Watch our for downspouts, house siding, and things that a bulldozer of a tort may decide to rub his hard jagged shell along and knock down or ruin. Protect them with well placed boulders or somekind of barrier...

Lawn furnature may be knocked over or moved...

Swimming pools... and torts don't mix!

Also, regarding nice lawns... Avoid chemicals on it and learn to love weeds. Your tort would much more prefer a yard full of grass, dandilions, clover, plantain, etc than a manicured golf course lawn. And the tort will be much healthier too!

Just some random thoughts from someone who has recently built a few tort pens.

Also, search for tort sheds on here and see what folks have built. Depending on your climate, you may need an insulated, heated, tort shed for those winter months.

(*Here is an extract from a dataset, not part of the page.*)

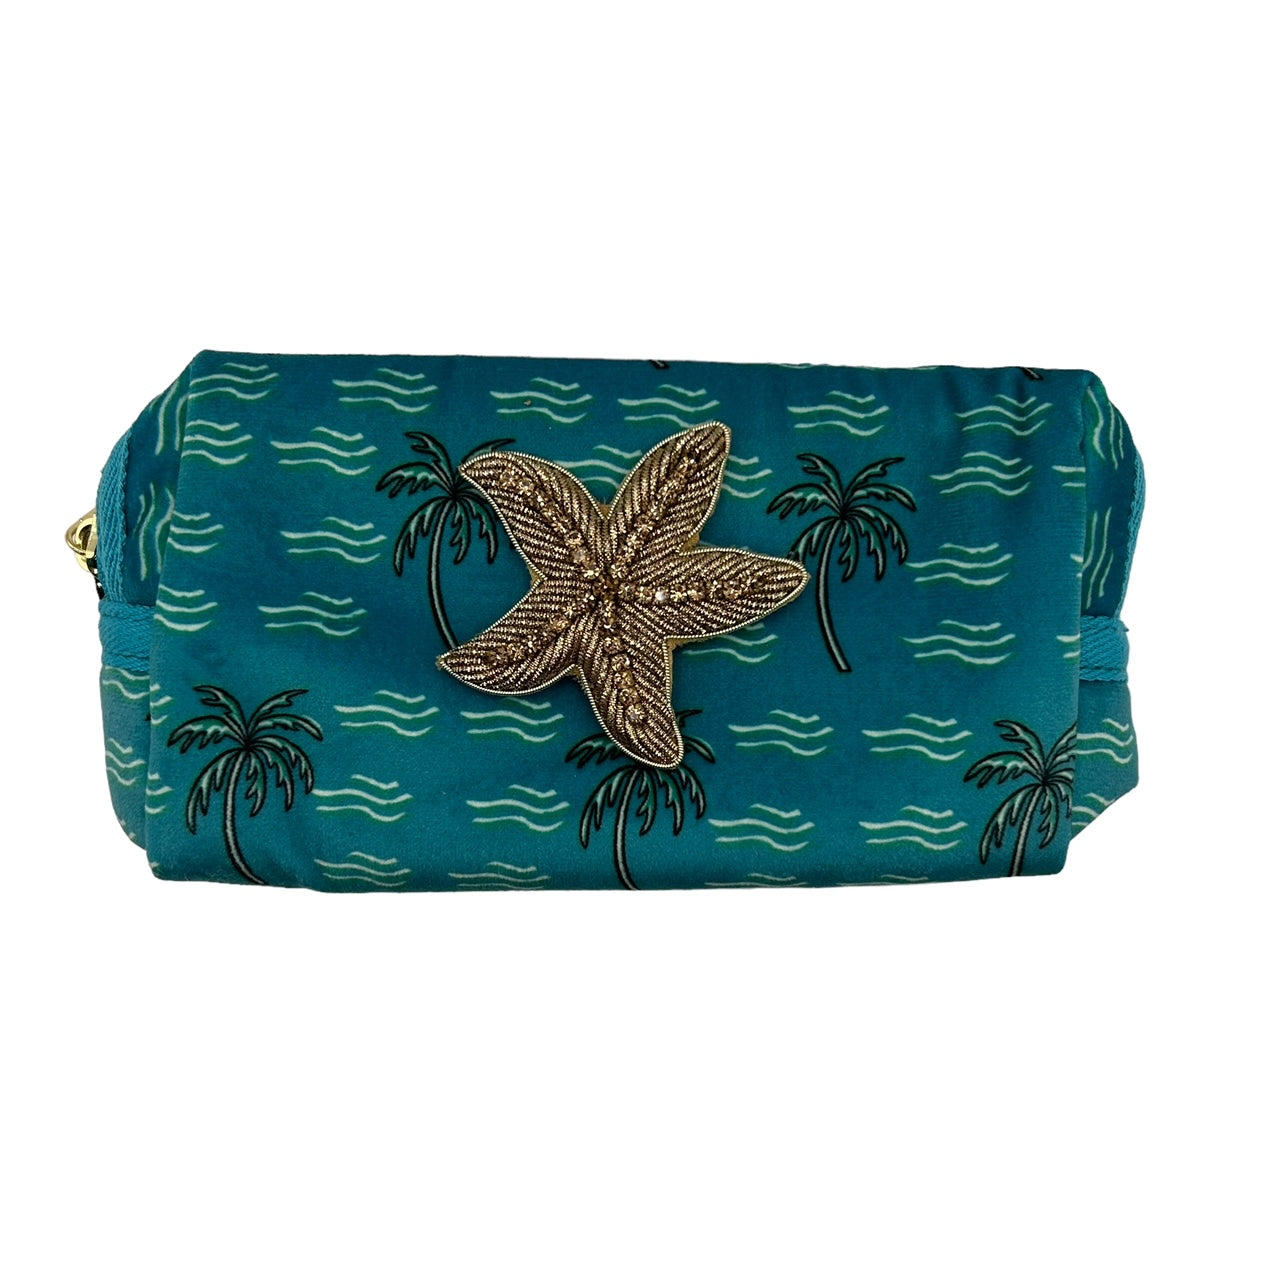 Teal palm large make-up bag & a starfish brooch - recycled velvet, large and small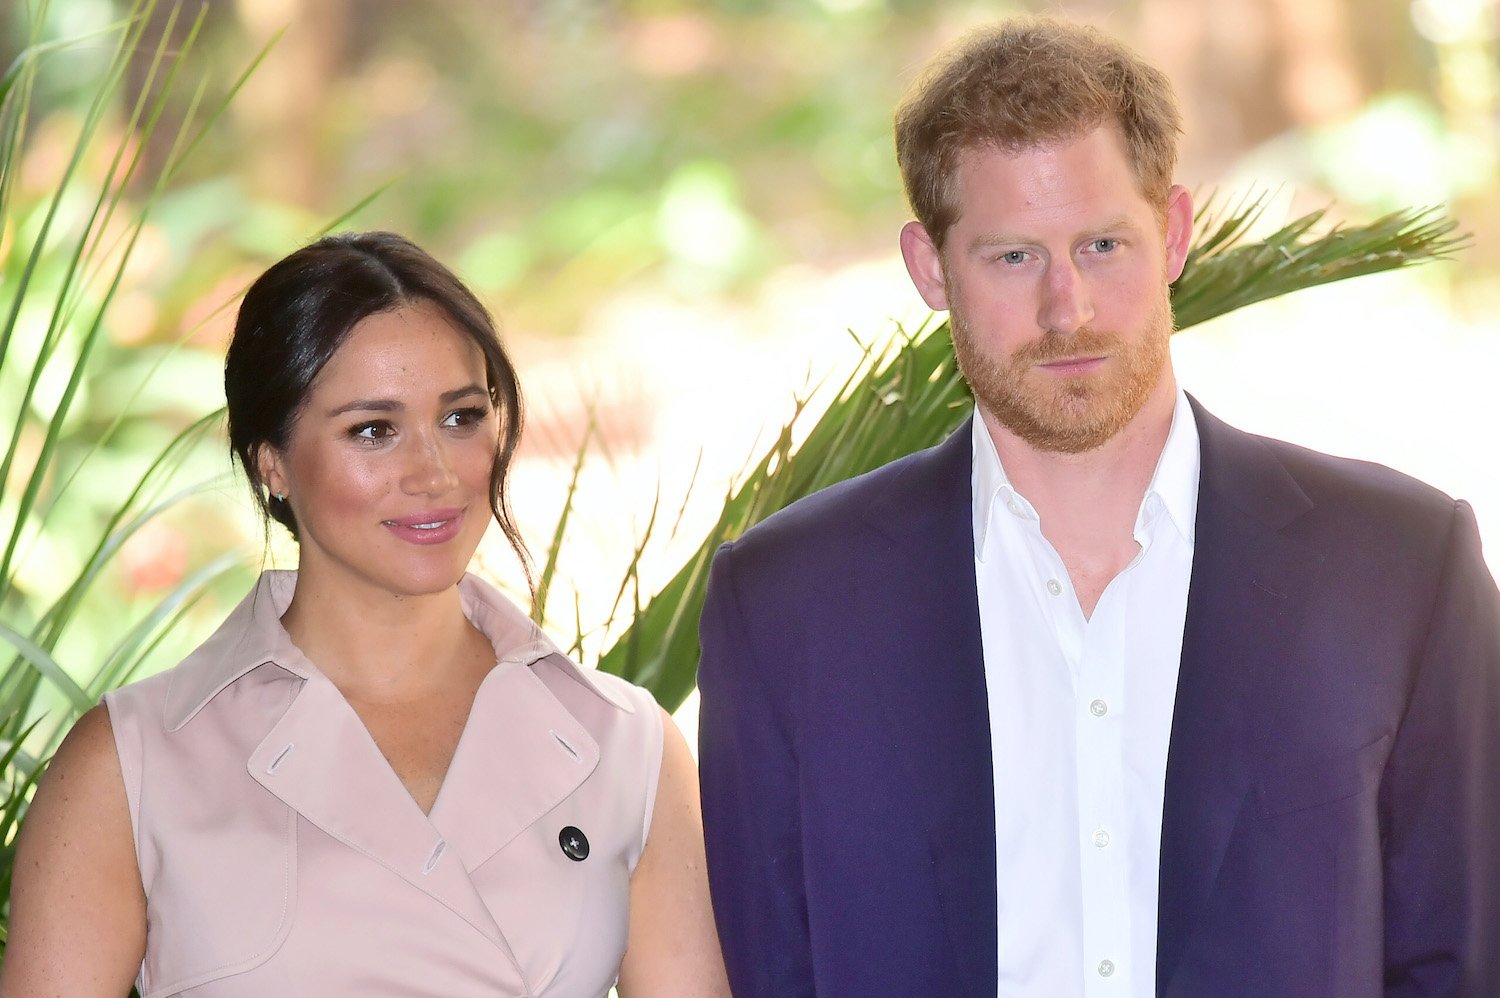 Prince Harry and Meghan Markle visit the British High Commissioner's residence to celebrate the UK and South Africa’s important business and investment relationship

I live about an hour from Seattle and my torts do fine having their shed to stay warm year round, with full time access to the yard whenever they get stir crazy being cooped up and\or just want to go much on some grass\weeds.


----------



## natalie (Aug 9, 2010)

yes i know all of this. ive had him for about a week now. ive seen his poops i clean them out everyday. he doesnt seem to dig, but maybe cuz i have a house built for him. I live on 3 acres of nice open grassy area for him. i dont care if he messes up the yard, Im just care about him having the best life available. If that means no grass thats fine. He came from a very rough life (i have his story in sulcatas area) and want to make up for how he use to be treated!


----------



## DeanS (Aug 9, 2010)

Natalie...the entire three acres will make him very happy I have two 20 inch males roaming my ~1/4 acre and it's just enough...but it could be more...technically, I like the idea of 1 tort per 1/4 acre...but, as I said in your other thread, you are doing everything right!


----------